This month’s selection, The Unfinished Garden by Barbara Claypole White, falls into a category I don’t normally read which is contemporary women’s fiction. After attending a session presented by Ms. Claypole at a recent workshop, I decided to read it since it sounded interesting.
The story is told from two points of view: Tilly Silverberg, a widowed gardener with a young son living in rural North Carolina, and James Nealy, a recent transplant to the area. Despite starting out in rural North Carolina, the bulk of the story takes place in England. Tilly’s mother suffers a fall, breaking her leg, which prompts Tilly to return to England with her son to spend the summer there helping her mother. The other reason is because James keeps hounding Tilly to design a landscape for his house even though she repeatedly tells him no.
The main characters are an unlikely pair since Tilly has chosen to isolate herself from society since her husband’s death three years ago, falsely blaming herself for following through with his living will decision. James suffers from OCD, anxiety, and other crippling mental health issues who has retired from his business at age 45 to work on conquering his issues. Due to James’ OCD, he persists in recruiting Tilly to design a garden even hopping on a plane to England to join Tilly and her son. Throughout the book, the two of them struggle to battle past ghosts which affect their current situation.

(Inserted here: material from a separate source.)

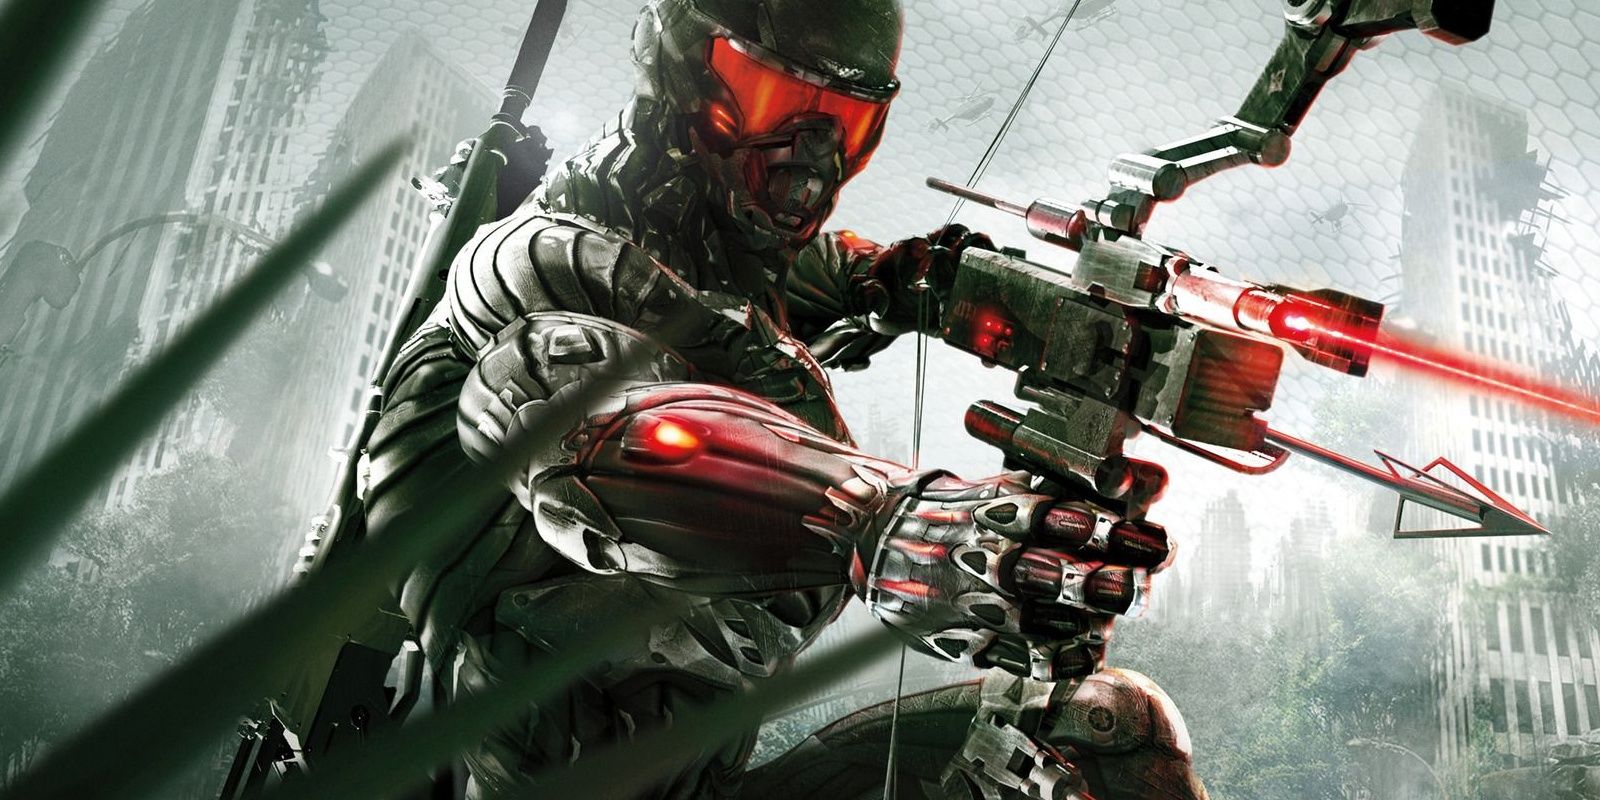 Key Art of Crysis 3 featuring the lead character Prophet.

I had a hard time finishing this. More than once I wanted to just bag it but kept on reading because there were glimmers it would get better and more interesting. Except then I’d get disappointed as the story would slow down, the characters would become too self-absorbed, and unrealistic subplots would come into the picture.

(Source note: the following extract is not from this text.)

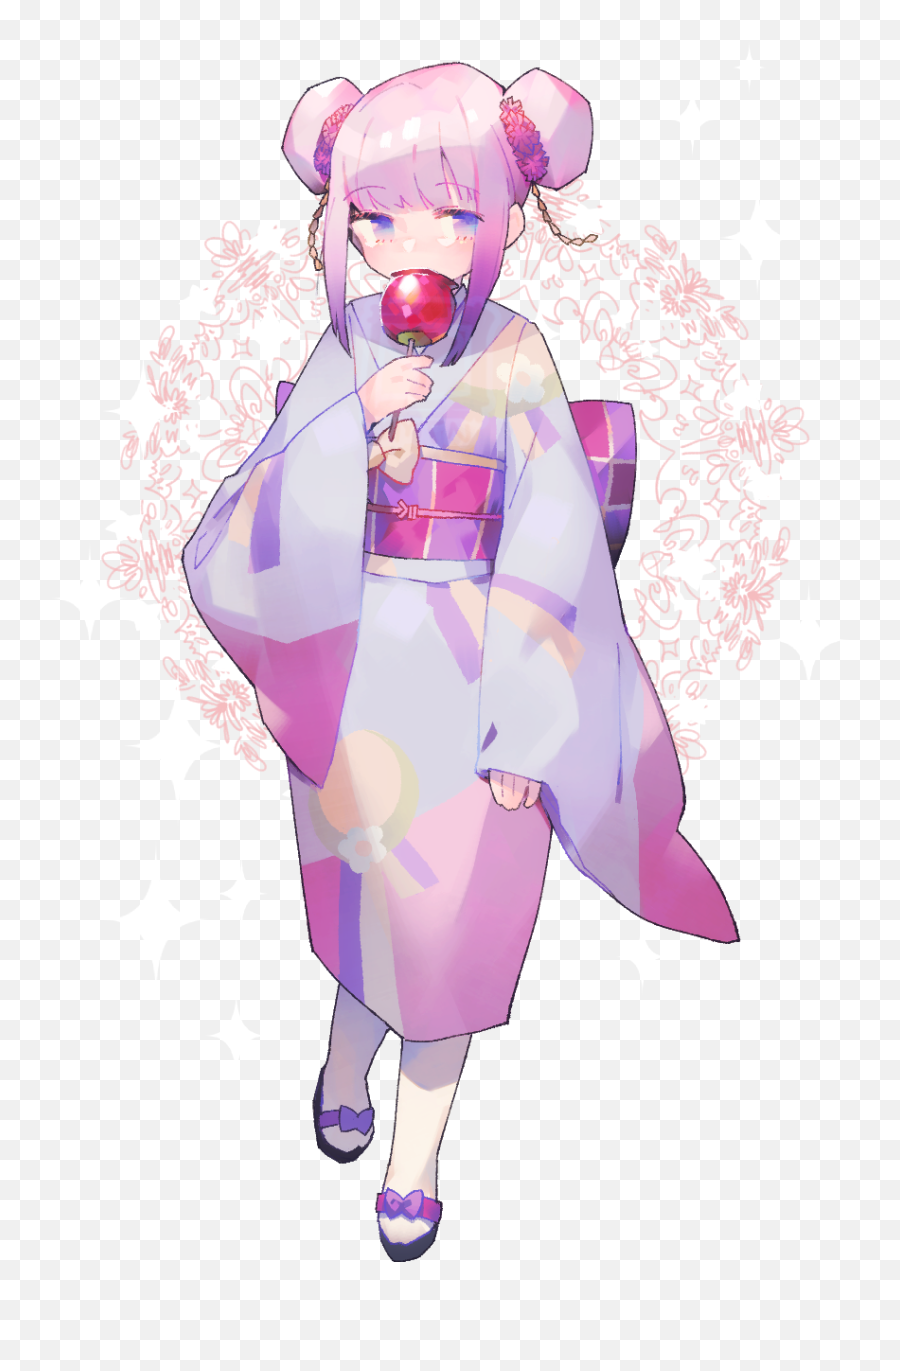 Kanna With A Candy Apple - Imgur Illustration Png,Kanna Png

It didn’t help that I didn’t care for either main character nor did I find the supporting cast very interesting other than Tilly’s son and mother. Why Tilly felt the need to lie about a potential life-threatening situation, only confiding in James, is beyond me. I genuinely don’t understand why her ex or James find her attractive. She’s nice and a good mother but she doesn’t offer much else other than an extensive knowledge of plants.
I found James’ behaviors and lack of impulse control scary more than endearing, while I understand he suffers from OCD and anxiety, a point hammered home ad nauseam, the way he acts from jumping on a plane to England because he can’t take no for an answer, to hiding important information like he has a grown son, bugs me as a reader. I supposed I’m to give him a pass because he’s good looking (debatable at best) and rich. Ahh, that lovely trope of no matter how messed up the male lead is emotionally, if he’s hot and rich, he gets away with it without too much second-guessing.

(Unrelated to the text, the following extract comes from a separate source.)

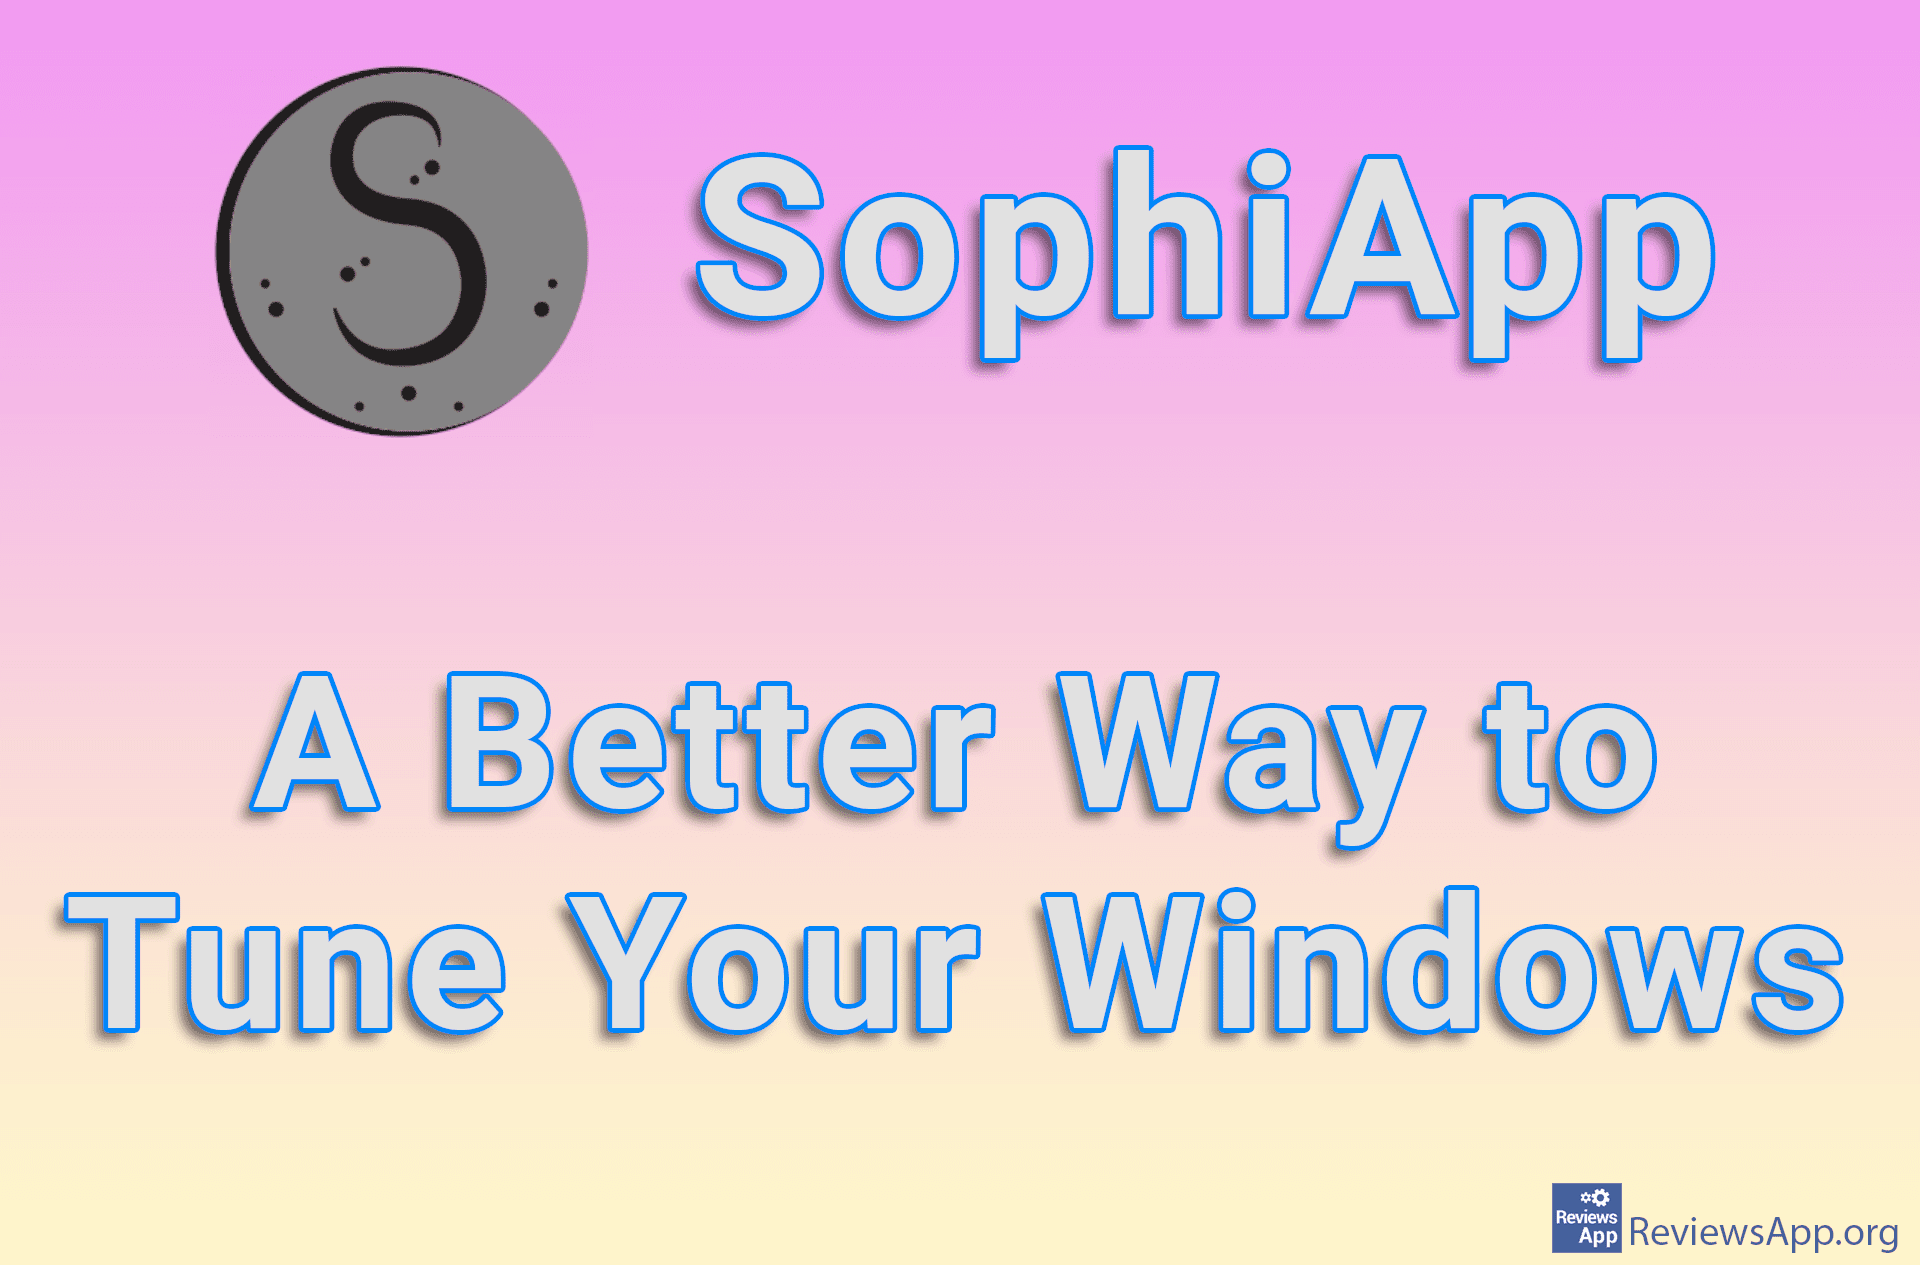 SophiApp – A Better Way to Tune Your Windows

I suspect I was supposed to love Tilly’s zany best friend Rowena but she felt out of place and a stereotype. Another supporting character was Tilly’s childhood sweetheart who just happens to be going through a divorce at that exact same time and escapes to the village they grew up in. Naturally this creates a (forced) friction between James and the ex both of whom are competing with the ghost of Tilly’s dead husband.
The book is painful in trying to shoehorn in a romantic connection between Tilly and James. It takes too long to get to either of them explaining their feelings and when it does, it’s just awkward and unrealistic. If the book instead focused on developing a friendship between James and Tilly rather than a romance, I think it would have worked better.
Another thing that bugged me about the book was all the overwriting the author did. One of my biggest pet peeves and something I notice more with contemporary women’s fiction is how many questions are asked. For James’ personality it made sense to hear him internally questioning what he said and did since it was part of his personality but when both characters do it, it’s incredibly irritating. A lot of that could have been cut out which would have tightened up the flow of the story. Another issue I had was how inconsistent the author was in resolving twist both large and small.
On a scale of 1 to 5 pencils, I give The Unfinished Garden 2 pencils out of 5. It was forced and inconsistent in all areas but at least the scenery descriptions were lovely.